CEBU CITY, Philippines – Kite flying is considered the most common outdoor activity most children and even adults, do during the summer season.
However, the National Grid Corporation of the Philippines (NGCP) urged the public not to fly kites near high-voltage transmission lines.
Despite the fun kite flying gives, NGCP reminds the public to still observe safety especially when they are flying kites near transmission lines.
NGCP-Central Visayas spokesperson Betty Martinez warned that kites might cause brownouts or power interruptions if its strand, or the kite itself, gets entangled in conductors and insulators of the switchyard.
“Di lang blackout, possible nga ma-electrocuted sad ang nagkupot sa tabanog,” she warned. (Aside from blackout, it’s also possible that the one who’s flying the kite gets electrocuted.)
“We also asked them nga magbantay sa bush fires, especially kanang naa ang among mga poste kay kuyaw maapil sa bush fires,” she added. (We also asked them to prevent bushfires, especially near our posts which are at risk to bushfires.)
Martinez noted that NGCP is conducting ‘Bantay Linya’ campaign and has been visiting different local government units to urge them to warn their constituents on the hazards of kite flying.

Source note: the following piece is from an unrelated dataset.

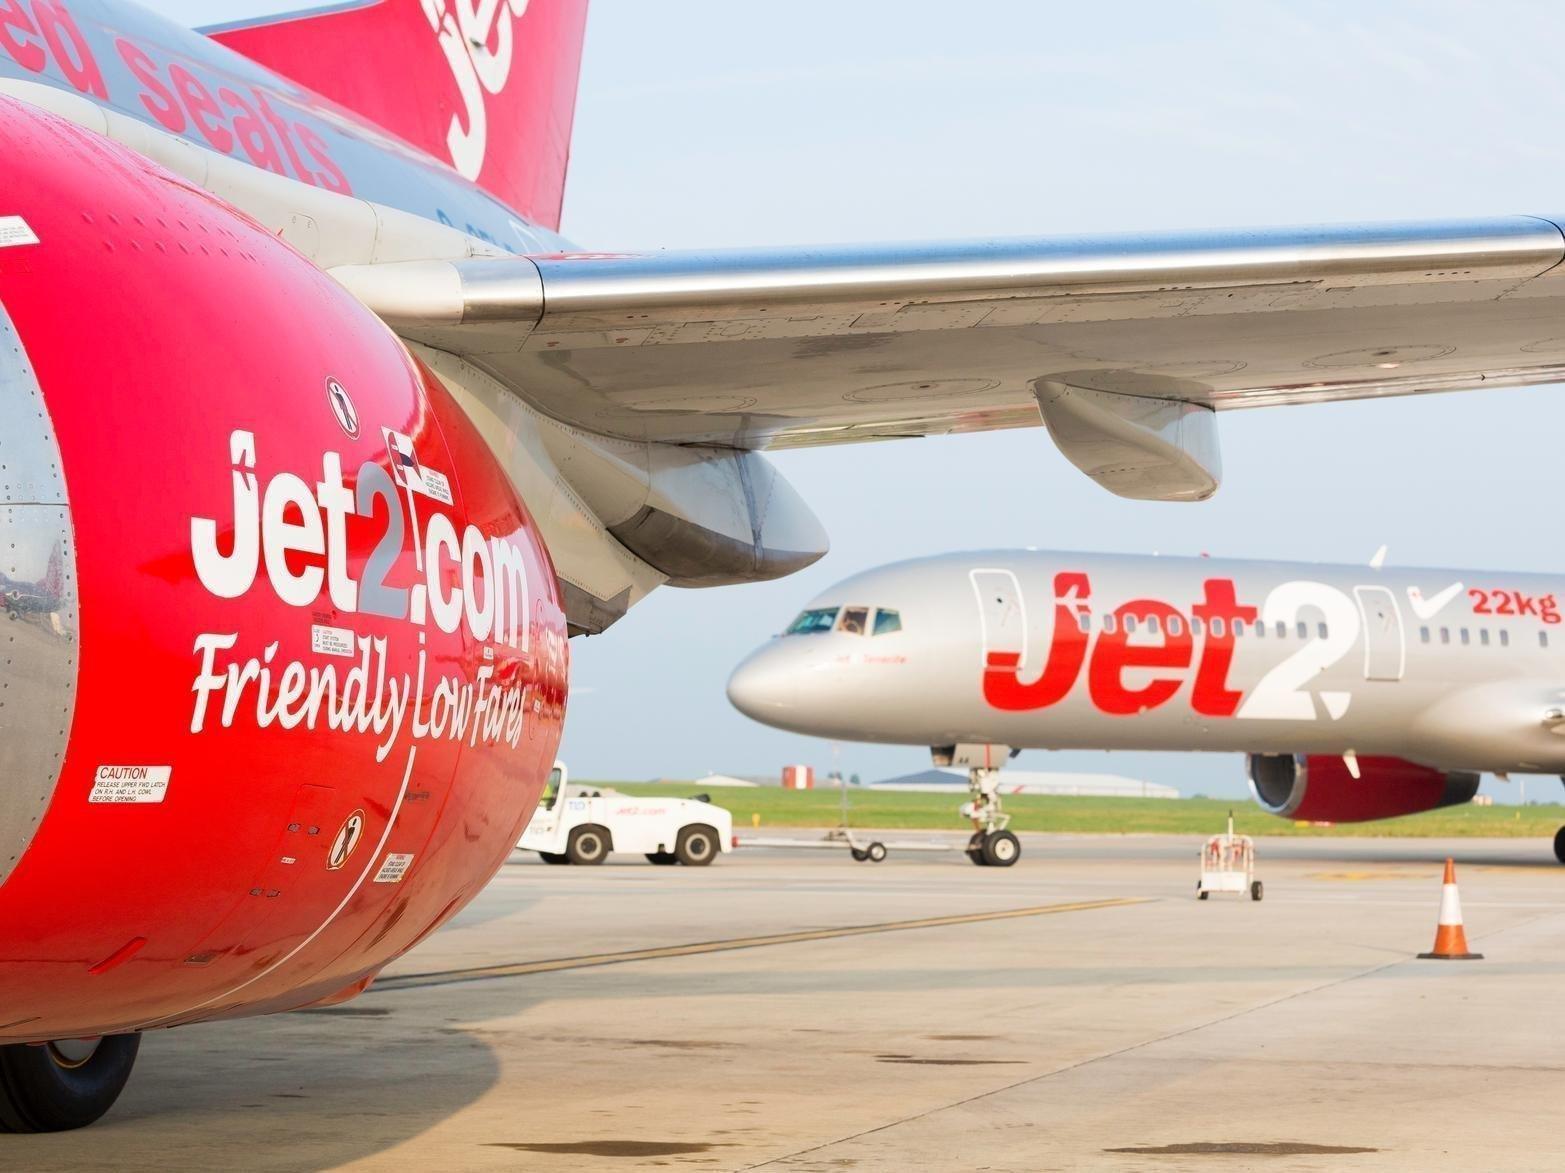 If you are planning to head of for some ski action then you'll be pleased to know that Jet2 has already launched two new ski destinations this winter.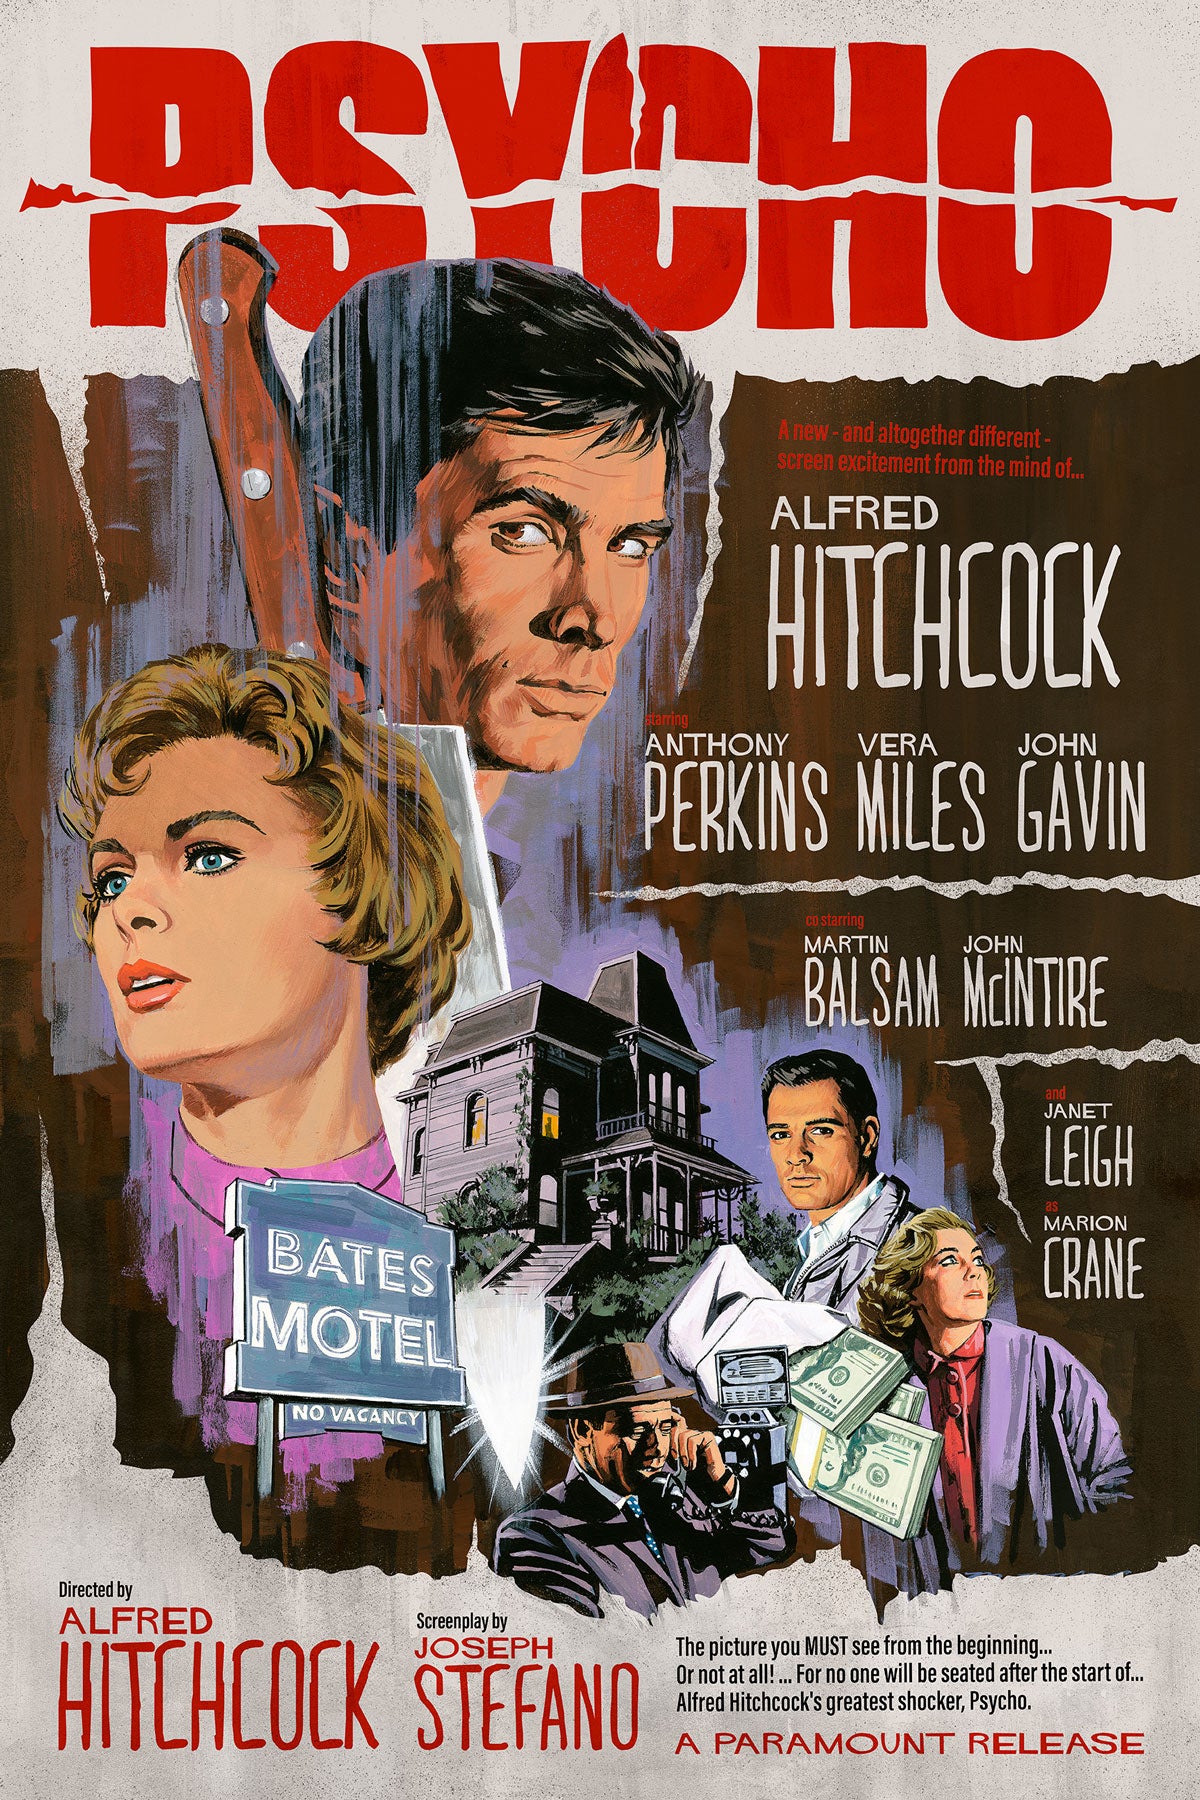 Psycho movie poster by Paul Mann

Most NGCP transmission poles are placed in mountain barangays, so they are asking LGUs and residents near transmission lines to help prevent bushfires.
“We need their cooperation to prevent bush fires from affecting our transmission lines,” Martinez said.
She said their Bantay Linya is an all-year-round campaign. However, they are strengthening it during summer months due to kite flying.
It was stated in Cebu City Ordinance No. 1471 that kite flying is prohibited in roads, streets, and places near high-voltage structures.
Building fires, constructing houses, planting trees and installing antennas near transmission facilities are also prohibited, NGCP noted.
Hence, NGCP puts more effort to educate people residing at other parts of Cebu where there has no prohibition on kite flying in hazardous areas; hoping that incidents of power outages and electrocution due to kite flying will be reduced.